Theorem: Prove that the set of all powers is a basis of the set of all polynomials.

Lemma: Two polynomials are equal if and only if their coefficients are equal. (prove it)

Proof: Powers are $1,x,x^2,\ldots,x^n,\ldots$. Let's name them: $v_0=1, v_1=x, v_2=x^2, \ldots, \in {\rm P}$. Then $B = \{v_0,v_1,\ldots,v_n,\ldots\}$, an infinite set.

Part 1: ${\rm span \hspace{3pt}} B={\bf P}$.

We need to prove that every element of ${\bf P}$ is a linear combination of the elements of $B$.

Given $p \in P$, find the coefficients of $v_0,\ldots,v_n,\ldots$, that give $p$. How?

Recall, $p$ is a polynomial $$p(x)=a_0+a_1x+a_2x^2+\ldots+a_nx^n,$$ so we rewrite: $$p=a_0v_0+a_1v_1+a_2v_2+\ldots+a_nv_n.$$

Then $a_0,\ldots,a-N$ are the coefficients.

Part 2: $B$ is linearly independent.

Suppose it is not, then there are $c_0,\ldots,c_n$ and $v_0,\ldots,v_n$ so that $c_0v_0+\ldots+c_nv_n=0$ ($0$ is a vector here) and not all $c_0,\ldots,c_n$ are zero.
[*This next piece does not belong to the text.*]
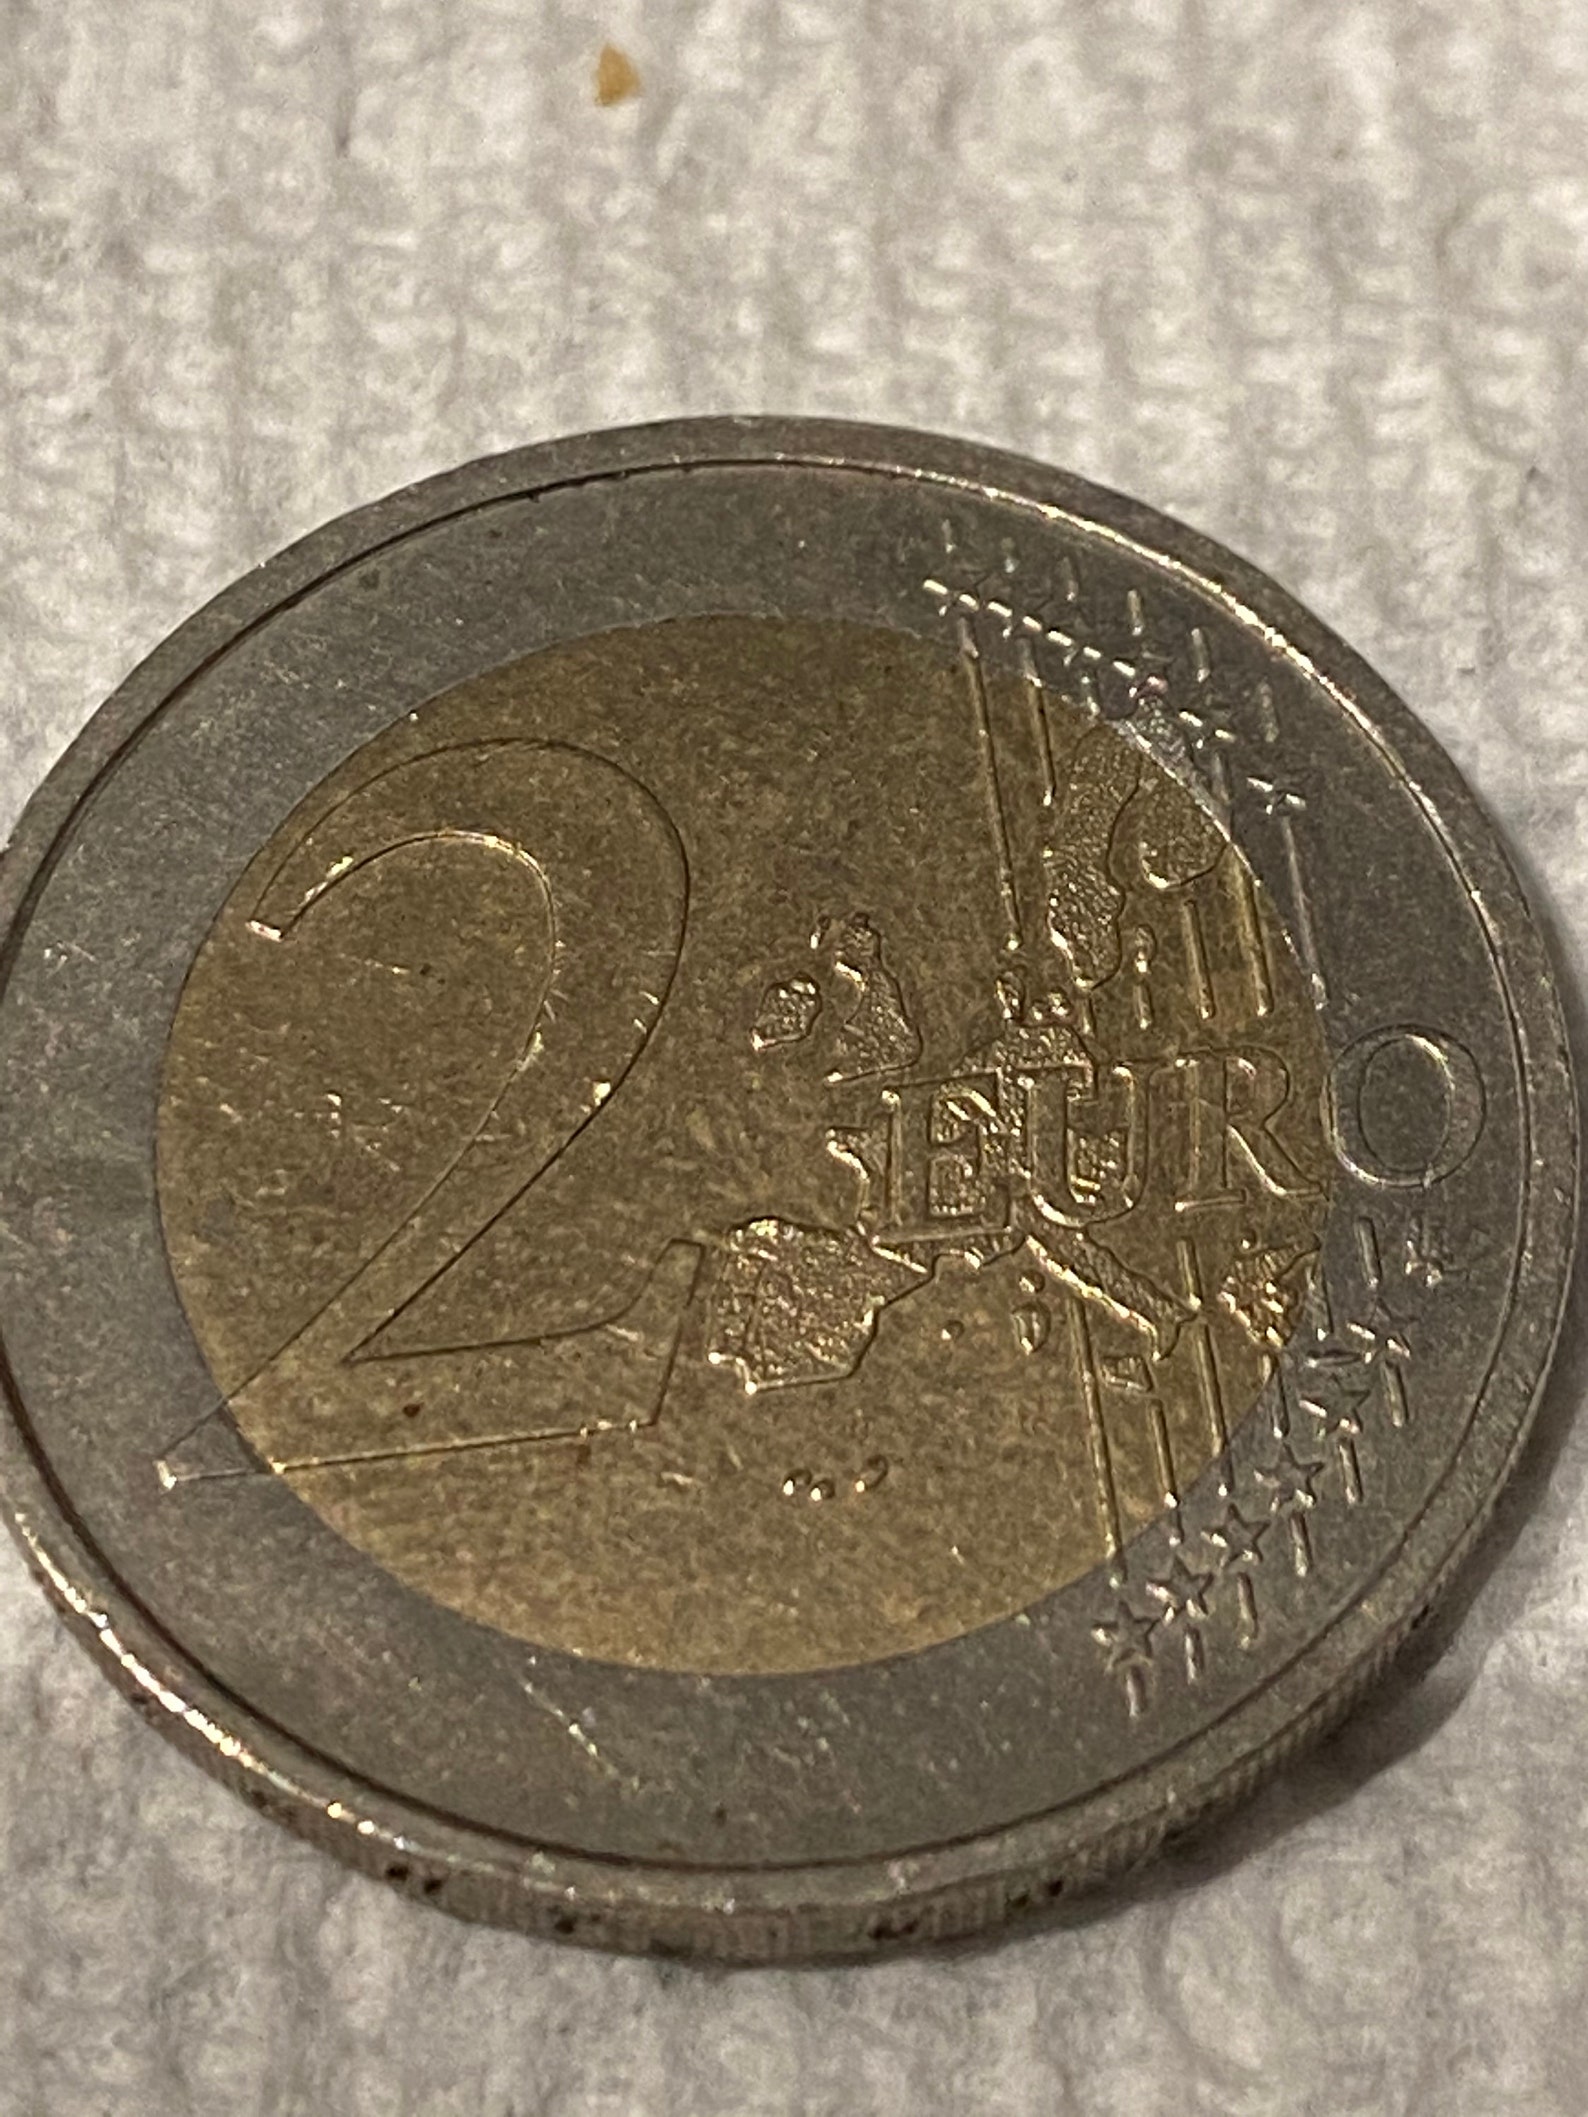 Rare 2002 G German 2 Euro Collectible Coin Etsy

Rewrite

$$\begin{array}{} c_0\cdot 1 + c_1 \cdot x + \ldots + c_n x^n &= 0 \in {\bf P} \\ &= 0 \cdot 1 + 0 \cdot x + 0 \cdot x^2 + \ldots + 0 \cdot x^n = 0 \\ \end{array}$$

So, by lemma, $c_0=0, c_1=0, \ldots, c_n=0$. That's a contradiction!

Homework: Prove the set of all rotations of the $xy$-plane,around $0$, is closed under compositions.

$R_{\alpha}(A)=B$

How? Show that $R_{\beta}R_{\alpha}$ is $R_{\gamma}$ for some $\gamma$. Recognize from the picture $\gamma = \alpha + \beta$.
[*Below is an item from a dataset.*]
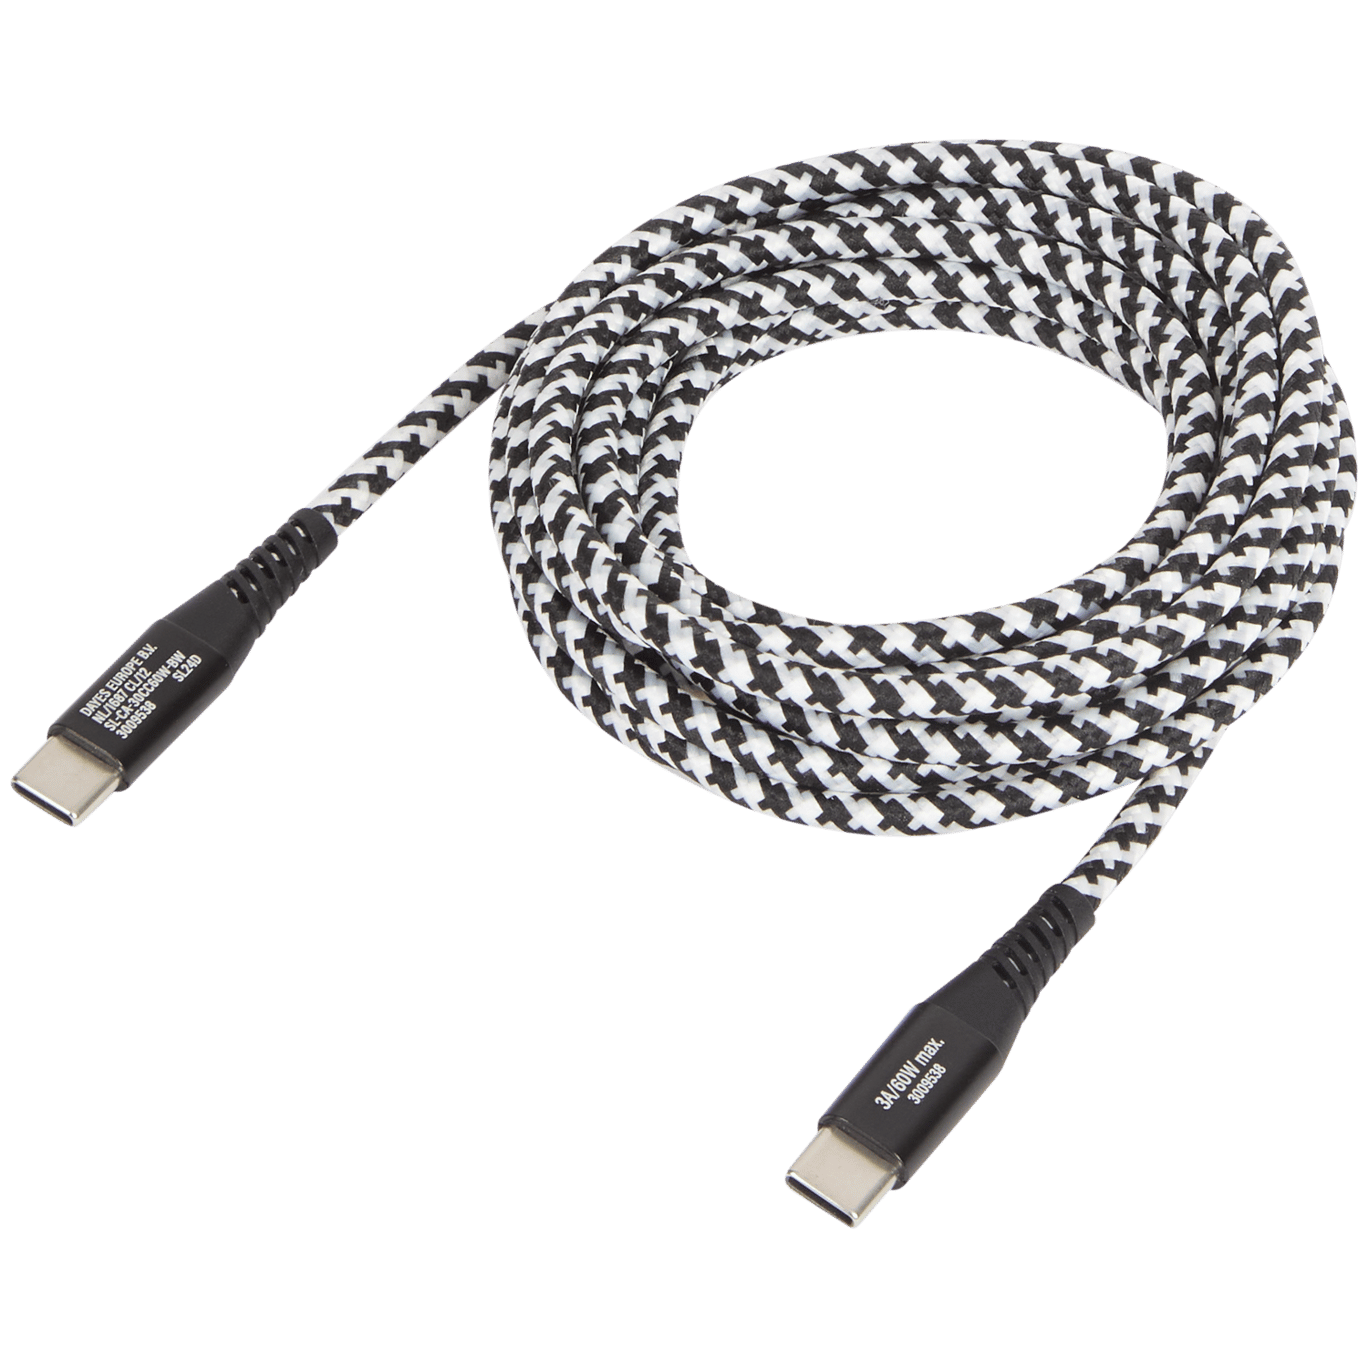 Nabíjecí a datový kabel Sologic USB-C na USB-C

Next, find the matrix of $R_{\alpha},R_{\beta}$, multiply, show that this is $R_{\alpha+\beta}$. Use trigonometry, ${\rm sin}/{\rm cos}$ of sums.
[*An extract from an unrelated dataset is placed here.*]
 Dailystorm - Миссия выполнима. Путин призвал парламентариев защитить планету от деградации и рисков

How about without trigonometry? Recall: $A=(x,y) \in {\bf R}^2$ and $B=R_{\alpha} \left[ \begin{array}{} x \\ y \end{array} \right]$, then $R_{\alpha}$ is a $2 \times 2$ matrix?

What other representations? Polar coordinates!

$A=(r, \theta)$,

$$\begin{array}{} R_{\alpha}(r, \theta) &= (r,\theta+\alpha) \\ R_{\beta}(s, \varphi) &= (s, \varphi + \beta) \end{array}$$

Then $$\begin{array}{} R_{\beta}R_{\alpha}(r,\theta) &= R_{\beta}(r,\theta+\alpha) \\ &= (r,\theta+\alpha+\beta) \\ &= R_{\alpha+\beta}(r,\theta). \end{array}$$

Question: Why don't we use polar coordinates for linear algebra?

With respect to polar coordinates, ${\bf R}^2$ should have a basis:

maybe . No. Can't work, why?

Some of the axioms fail? Reason is $\theta$ is periodic.